Exercise: How many lines of these entries hold the string "Bridal"? Reply with the number alone.

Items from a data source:
§
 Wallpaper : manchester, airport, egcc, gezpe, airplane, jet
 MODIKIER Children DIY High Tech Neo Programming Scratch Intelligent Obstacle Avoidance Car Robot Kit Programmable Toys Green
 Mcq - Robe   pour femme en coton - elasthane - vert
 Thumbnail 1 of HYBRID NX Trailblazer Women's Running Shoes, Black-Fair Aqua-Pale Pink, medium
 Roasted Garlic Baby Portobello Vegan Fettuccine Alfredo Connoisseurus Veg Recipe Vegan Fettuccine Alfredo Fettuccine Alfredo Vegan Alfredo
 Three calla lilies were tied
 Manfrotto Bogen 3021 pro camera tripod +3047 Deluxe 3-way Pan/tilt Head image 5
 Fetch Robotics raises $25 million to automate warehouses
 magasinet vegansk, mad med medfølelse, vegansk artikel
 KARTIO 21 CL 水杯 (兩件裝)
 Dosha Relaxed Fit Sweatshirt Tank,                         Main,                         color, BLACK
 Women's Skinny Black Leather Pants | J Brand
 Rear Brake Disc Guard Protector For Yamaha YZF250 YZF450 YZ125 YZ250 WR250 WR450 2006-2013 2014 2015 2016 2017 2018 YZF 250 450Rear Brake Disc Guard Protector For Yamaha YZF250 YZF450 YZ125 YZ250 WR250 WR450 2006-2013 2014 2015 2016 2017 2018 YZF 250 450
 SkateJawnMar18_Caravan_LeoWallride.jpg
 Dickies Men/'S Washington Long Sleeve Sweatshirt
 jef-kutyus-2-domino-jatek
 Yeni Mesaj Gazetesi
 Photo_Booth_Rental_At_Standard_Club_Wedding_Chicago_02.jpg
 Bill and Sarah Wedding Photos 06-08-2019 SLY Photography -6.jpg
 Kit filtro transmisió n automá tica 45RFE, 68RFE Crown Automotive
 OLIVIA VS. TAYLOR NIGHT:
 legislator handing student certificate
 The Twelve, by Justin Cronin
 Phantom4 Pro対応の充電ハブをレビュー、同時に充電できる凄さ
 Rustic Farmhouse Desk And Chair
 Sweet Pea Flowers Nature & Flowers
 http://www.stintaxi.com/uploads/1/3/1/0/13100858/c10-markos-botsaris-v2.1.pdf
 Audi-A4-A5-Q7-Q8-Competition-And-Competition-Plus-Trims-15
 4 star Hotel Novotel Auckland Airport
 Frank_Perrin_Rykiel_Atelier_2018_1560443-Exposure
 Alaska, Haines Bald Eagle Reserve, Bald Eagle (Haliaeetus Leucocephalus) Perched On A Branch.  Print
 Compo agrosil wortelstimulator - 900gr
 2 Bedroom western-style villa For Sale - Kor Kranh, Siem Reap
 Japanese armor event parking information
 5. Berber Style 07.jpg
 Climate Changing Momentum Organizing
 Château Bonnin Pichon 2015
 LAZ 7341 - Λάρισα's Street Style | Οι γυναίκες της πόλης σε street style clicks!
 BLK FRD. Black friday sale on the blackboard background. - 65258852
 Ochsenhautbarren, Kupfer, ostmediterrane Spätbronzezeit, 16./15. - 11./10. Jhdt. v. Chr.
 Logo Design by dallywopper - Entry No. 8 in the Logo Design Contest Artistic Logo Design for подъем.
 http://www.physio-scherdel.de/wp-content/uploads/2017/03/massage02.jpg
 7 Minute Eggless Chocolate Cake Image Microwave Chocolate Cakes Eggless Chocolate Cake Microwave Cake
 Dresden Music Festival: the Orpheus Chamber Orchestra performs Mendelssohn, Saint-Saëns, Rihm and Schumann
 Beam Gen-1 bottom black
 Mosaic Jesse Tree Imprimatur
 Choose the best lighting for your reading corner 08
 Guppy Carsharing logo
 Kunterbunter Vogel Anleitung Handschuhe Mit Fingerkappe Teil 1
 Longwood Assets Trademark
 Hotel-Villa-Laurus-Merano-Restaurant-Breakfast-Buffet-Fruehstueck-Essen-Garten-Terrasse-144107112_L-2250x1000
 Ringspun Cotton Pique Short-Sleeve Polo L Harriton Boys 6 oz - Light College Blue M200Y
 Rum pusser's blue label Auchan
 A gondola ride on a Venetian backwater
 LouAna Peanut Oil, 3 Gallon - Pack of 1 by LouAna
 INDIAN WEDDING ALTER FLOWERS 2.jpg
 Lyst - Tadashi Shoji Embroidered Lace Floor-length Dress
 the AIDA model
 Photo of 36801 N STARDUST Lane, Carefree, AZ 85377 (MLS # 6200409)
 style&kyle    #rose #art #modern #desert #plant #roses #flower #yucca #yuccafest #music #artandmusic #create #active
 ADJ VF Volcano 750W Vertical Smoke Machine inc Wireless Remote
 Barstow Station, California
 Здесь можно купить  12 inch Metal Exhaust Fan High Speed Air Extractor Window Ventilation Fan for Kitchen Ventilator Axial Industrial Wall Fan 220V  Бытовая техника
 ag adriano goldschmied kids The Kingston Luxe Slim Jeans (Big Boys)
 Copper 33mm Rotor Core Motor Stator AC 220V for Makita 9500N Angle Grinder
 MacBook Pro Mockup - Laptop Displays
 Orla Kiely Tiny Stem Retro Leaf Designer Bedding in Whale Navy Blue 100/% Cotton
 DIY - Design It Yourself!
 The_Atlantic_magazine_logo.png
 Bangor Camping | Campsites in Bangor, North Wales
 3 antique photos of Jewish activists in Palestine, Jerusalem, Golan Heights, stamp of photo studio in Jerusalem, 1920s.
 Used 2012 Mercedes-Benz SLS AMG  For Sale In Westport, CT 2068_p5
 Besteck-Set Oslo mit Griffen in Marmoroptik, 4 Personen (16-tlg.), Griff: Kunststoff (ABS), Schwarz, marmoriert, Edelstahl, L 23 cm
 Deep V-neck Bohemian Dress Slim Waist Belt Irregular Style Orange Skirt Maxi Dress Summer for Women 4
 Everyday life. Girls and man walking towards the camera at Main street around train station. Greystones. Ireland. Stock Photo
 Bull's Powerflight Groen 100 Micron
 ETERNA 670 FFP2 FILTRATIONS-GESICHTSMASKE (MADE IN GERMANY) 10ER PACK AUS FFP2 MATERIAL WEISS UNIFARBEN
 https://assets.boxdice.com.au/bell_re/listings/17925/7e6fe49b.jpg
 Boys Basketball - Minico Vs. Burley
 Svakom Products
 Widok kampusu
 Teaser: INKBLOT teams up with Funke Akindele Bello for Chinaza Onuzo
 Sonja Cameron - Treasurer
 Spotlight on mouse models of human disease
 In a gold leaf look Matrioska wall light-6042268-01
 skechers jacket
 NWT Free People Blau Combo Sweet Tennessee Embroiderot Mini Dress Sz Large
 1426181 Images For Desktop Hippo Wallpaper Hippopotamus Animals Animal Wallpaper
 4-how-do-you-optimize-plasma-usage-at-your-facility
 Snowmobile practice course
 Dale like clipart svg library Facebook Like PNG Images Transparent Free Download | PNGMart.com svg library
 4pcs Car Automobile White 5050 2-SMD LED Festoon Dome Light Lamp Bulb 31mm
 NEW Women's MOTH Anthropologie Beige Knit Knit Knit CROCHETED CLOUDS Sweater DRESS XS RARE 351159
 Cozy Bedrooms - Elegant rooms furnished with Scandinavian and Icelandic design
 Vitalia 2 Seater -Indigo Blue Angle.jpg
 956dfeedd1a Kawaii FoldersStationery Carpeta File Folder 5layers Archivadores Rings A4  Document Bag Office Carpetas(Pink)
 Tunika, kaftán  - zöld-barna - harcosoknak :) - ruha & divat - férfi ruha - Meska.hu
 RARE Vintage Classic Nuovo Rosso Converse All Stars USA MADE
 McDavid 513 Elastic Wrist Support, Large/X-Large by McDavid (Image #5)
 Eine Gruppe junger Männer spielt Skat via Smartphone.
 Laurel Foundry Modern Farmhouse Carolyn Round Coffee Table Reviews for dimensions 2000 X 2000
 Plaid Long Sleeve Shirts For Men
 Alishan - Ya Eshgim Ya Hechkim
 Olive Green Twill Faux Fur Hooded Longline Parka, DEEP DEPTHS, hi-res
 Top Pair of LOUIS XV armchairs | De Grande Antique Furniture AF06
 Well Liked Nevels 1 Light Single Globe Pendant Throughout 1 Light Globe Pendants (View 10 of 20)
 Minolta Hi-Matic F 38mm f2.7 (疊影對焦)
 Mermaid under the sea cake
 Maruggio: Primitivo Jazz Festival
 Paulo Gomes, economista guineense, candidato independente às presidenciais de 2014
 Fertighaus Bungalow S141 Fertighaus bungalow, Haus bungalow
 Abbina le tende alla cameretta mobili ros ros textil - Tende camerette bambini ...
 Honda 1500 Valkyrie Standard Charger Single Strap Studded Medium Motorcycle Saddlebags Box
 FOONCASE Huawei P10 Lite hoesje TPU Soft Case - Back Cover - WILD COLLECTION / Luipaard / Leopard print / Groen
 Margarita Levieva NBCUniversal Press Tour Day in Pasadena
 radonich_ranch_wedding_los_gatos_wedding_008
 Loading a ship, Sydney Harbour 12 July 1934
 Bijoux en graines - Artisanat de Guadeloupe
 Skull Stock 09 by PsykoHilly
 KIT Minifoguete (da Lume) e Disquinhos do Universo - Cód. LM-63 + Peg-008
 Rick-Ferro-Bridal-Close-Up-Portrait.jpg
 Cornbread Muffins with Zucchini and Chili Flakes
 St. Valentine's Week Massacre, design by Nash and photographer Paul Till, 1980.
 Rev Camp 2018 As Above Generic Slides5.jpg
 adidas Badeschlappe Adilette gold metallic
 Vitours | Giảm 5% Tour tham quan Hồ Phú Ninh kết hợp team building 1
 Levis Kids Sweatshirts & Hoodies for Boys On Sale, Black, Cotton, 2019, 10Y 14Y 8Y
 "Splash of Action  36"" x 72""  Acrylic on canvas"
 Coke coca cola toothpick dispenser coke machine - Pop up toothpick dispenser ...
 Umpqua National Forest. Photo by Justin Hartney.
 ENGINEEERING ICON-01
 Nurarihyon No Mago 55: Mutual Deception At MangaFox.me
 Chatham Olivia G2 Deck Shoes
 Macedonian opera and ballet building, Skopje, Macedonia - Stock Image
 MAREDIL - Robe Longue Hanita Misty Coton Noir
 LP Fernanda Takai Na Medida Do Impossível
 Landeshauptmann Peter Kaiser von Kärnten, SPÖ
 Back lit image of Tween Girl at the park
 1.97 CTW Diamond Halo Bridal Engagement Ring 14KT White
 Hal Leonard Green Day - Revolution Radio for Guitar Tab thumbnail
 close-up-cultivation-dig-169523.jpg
§
Completed exercise: 2